Prenhez Tubária Rota: Diagnóstico e Choque Hipovolêmico

ENARE/ENAMED — Prova 2025

Enunciado

Uma mulher jovem, 19 anos, chega ao serviço de emergência com dor abdominal intensa e súbita. O exame físico mostra sinais de choque hipovolêmico, como taquicardia e hipotensão. Revela ainda rigidez abdominal difusa, sensibilidade e dor à palpação. A hipótese mais provável para esse quadro clínico é:

Alternativas

  1. A) Apendicite aguda.
  2. B) Prenhez tubária rota.
  3. C) Diverticulite perfurada.
  4. D) Diverticulite de Meckel.
  5. E) Cisto ovariano hemorrágico roto.

Pérola Clínica

Mulher jovem + Dor abdominal súbita + Choque → Suspeitar de Prenhez Tubária Rota até prova em contrário.

Resumo-Chave

O quadro de abdome agudo hemorrágico em mulheres em idade fértil exige exclusão imediata de gravidez ectópica rota devido ao alto risco de óbito por choque hipovolêmico.

Contexto Educacional

A gravidez ectópica ocorre em cerca de 1-2% das gestações, sendo a trompa de Falópio o local mais comum (95%). A ruptura tubária é uma emergência cirúrgica catastrófica. O diagnóstico diferencial de dor abdominal em mulheres jovens deve sempre incluir causas ginecológicas, e a presença de sinais de choque direciona o raciocínio para etiologias hemorrágicas.

Perguntas Frequentes

Quais os sinais clássicos de prenhez tubária rota?

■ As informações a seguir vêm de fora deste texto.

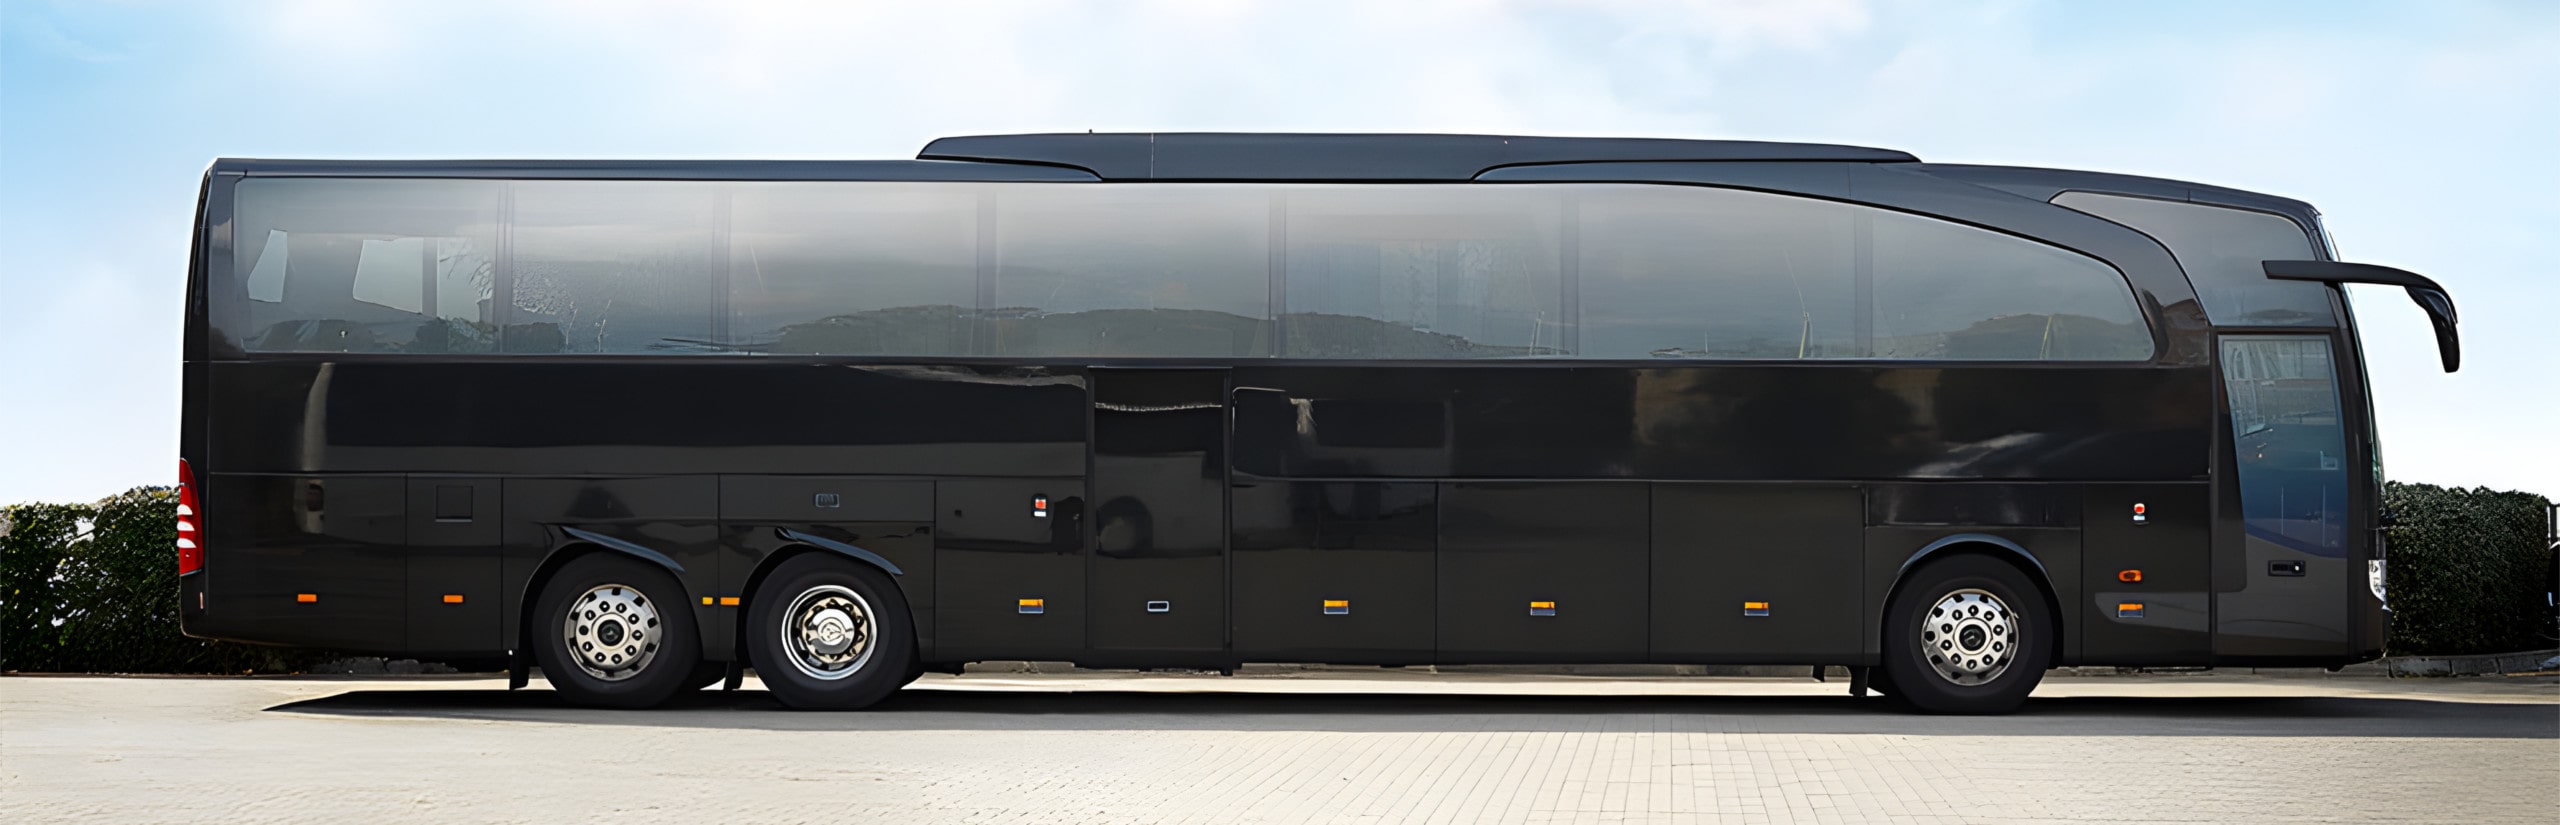 VIP Bus – Luxus Bus – VIP Liner – Konferenz Bus mieten in Berlin & Potsdam

A tríade clássica inclui dor abdominal súbita e intensa, atraso menstrual (nem sempre presente ou percebido) e sangramento vaginal. Ao exame físico, sinais de irritação peritoneal (Grito de Douglas) e instabilidade hemodinâmica (taquicardia, hipotensão, palidez) sugerem hemoperitônio volumoso por ruptura tubária.

Como diferenciar prenhez rota de cisto ovariano hemorrágico?

Ambos causam abdome agudo hemorrágico. A principal diferenciação é feita pelo teste de gravidez (Beta-hCG). Se positivo, a hipótese de gravidez ectópica torna-se mandatória. O ultrassom transvaginal auxilia na visualização de massa anexial e líquido livre na cavidade abdominal.

Qual a conduta imediata na suspeita de prenhez rota instável?

A prioridade é a estabilização hemodinâmica com reposição volêmica e hemotransfusão se necessário, seguida de laparotomia ou laparoscopia de urgência para controle do sangramento (geralmente salpingectomia). O diagnóstico clínico em paciente instável autoriza a intervenção cirúrgica imediata.